On Fri, Jun 07, 2013 at 10:27:43PM +0800, tsiren tsi wrote:
In the diskio.c, if the scsi command was used, the read or write
error would be more circumstantial. When the read/write timeout occurs, the
scsi command could distinguish the actual reason, io busy, not ready,
hardware error and so on. If the reason was io busy, we can enlarge the
timeout-time for robustness.
What do you think about this?
The only way I know of using scsi commands from userland is with sg.
sg is not very practical for i/o, and would be a big code change.
sanlock is used on multipath lvm LVs, which makes sg difficult.

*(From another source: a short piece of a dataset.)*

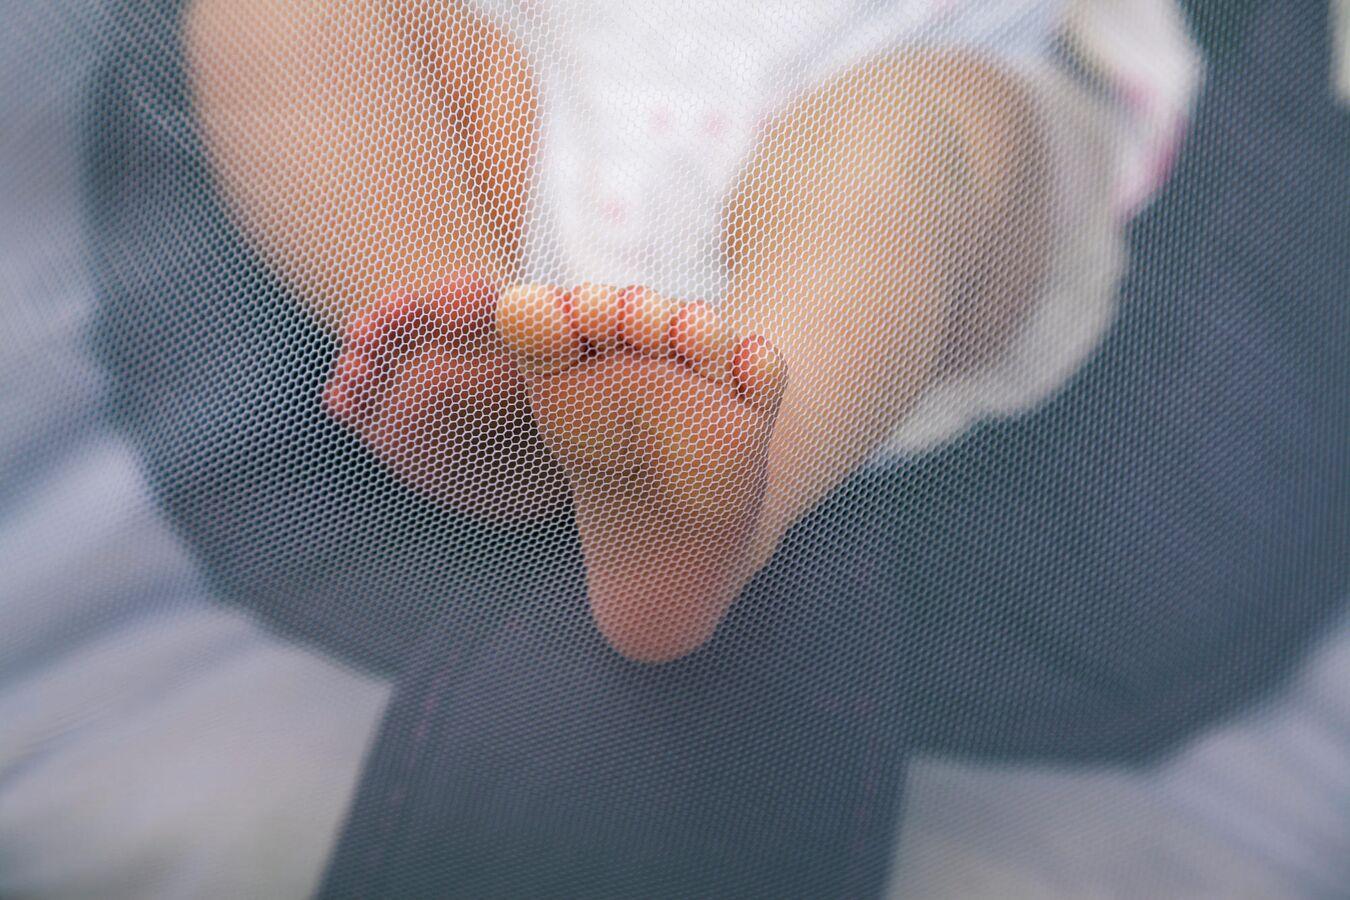 Из-за москитных сеток ежегодно гибнут сотни детей

Also, sanlock can be used on both devices and NFS files, and it is
nice to use the same code for both.
A more reasonable suggestion would be to keep the existing i/o paths
and use /dev/sg to get extra scsi information. However, if you think
about how sanlock works, this extra information would not really help.

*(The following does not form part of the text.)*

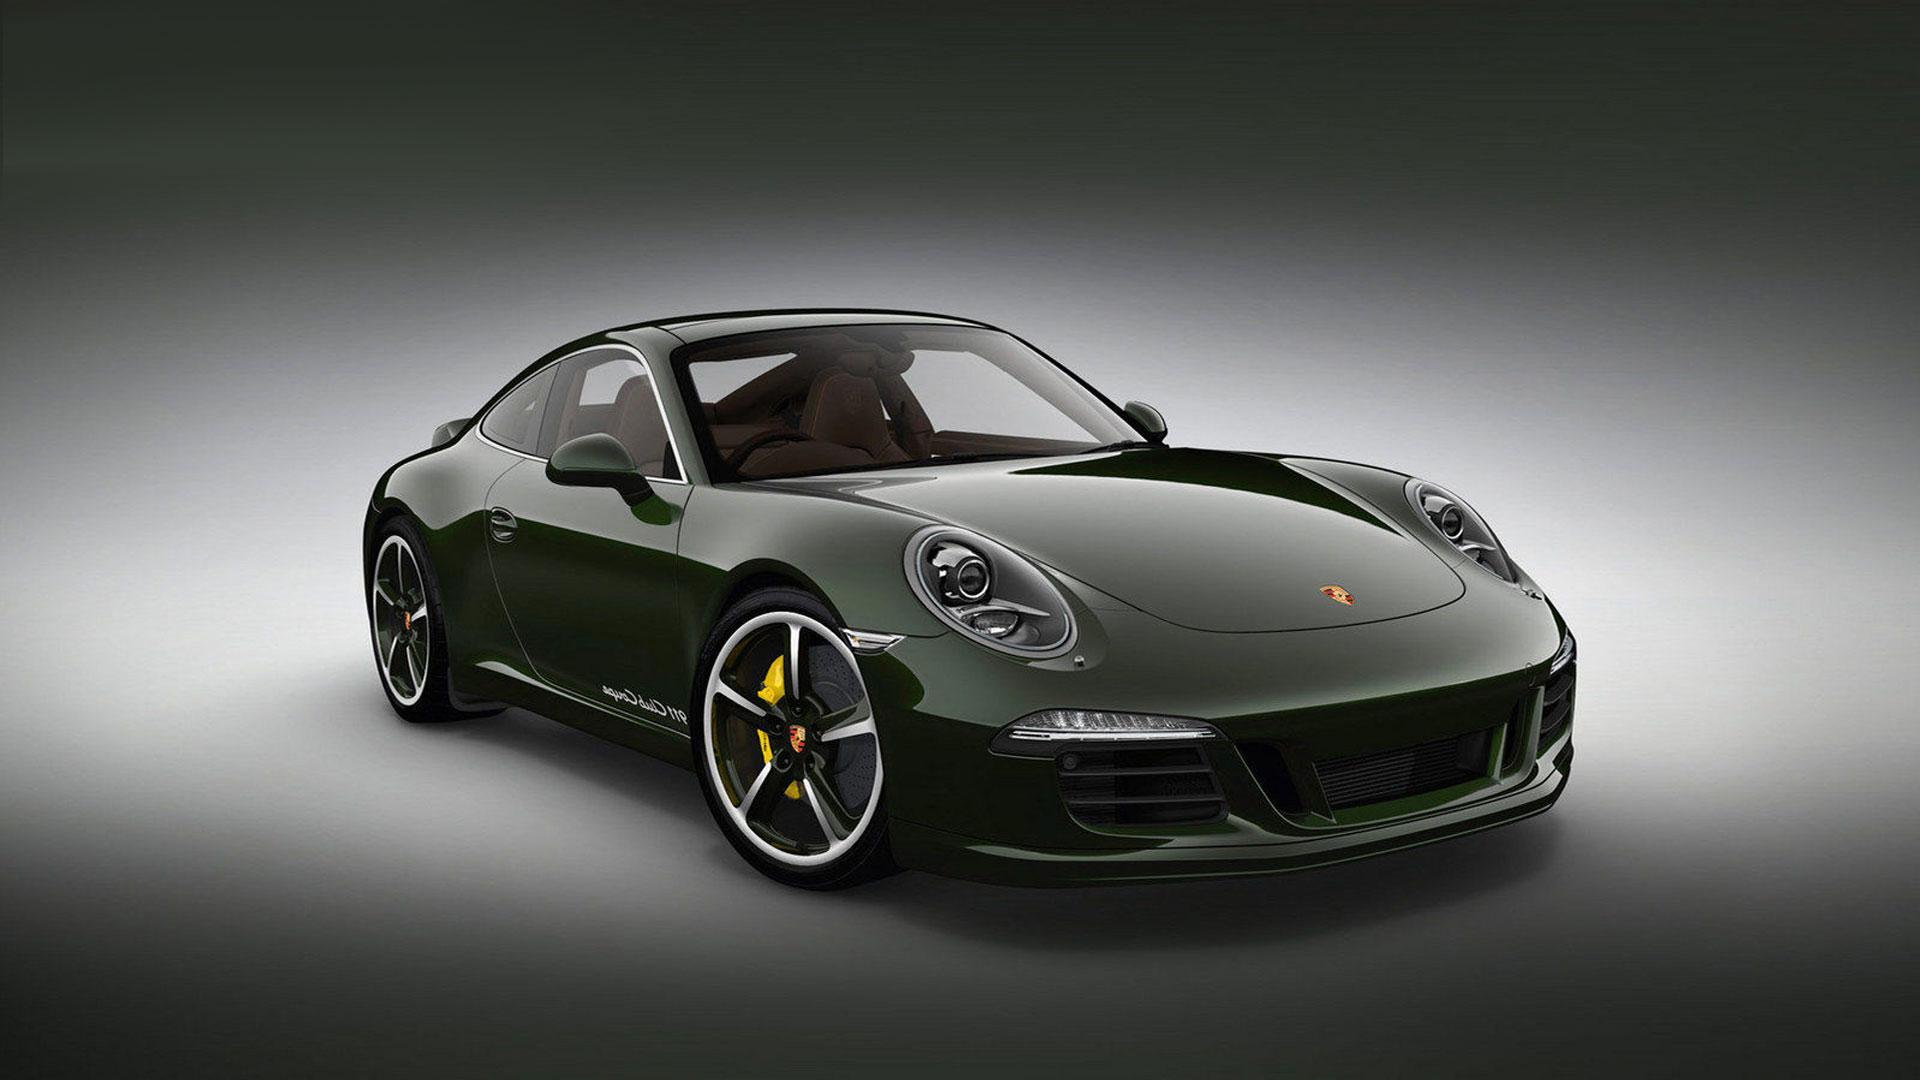 Porsche 911 desktop image 911 wallpapers 1920x1080

This is because it is not the host with i/o problems that needs extra
information, it is the *other* hosts that are monitoring it. All
the other hosts would need to enlarge the timeout (and they would
also need this new timeout to be consistent among everyone.)
My suggestion is to monitor the io delays (and their causes) in your
environment. If you find there are io delays, caused by system/storage
load, and they trigger timeouts (or come close to timing out), then
enlarge the io timeout used with sanlock_add_lockspace_timeout.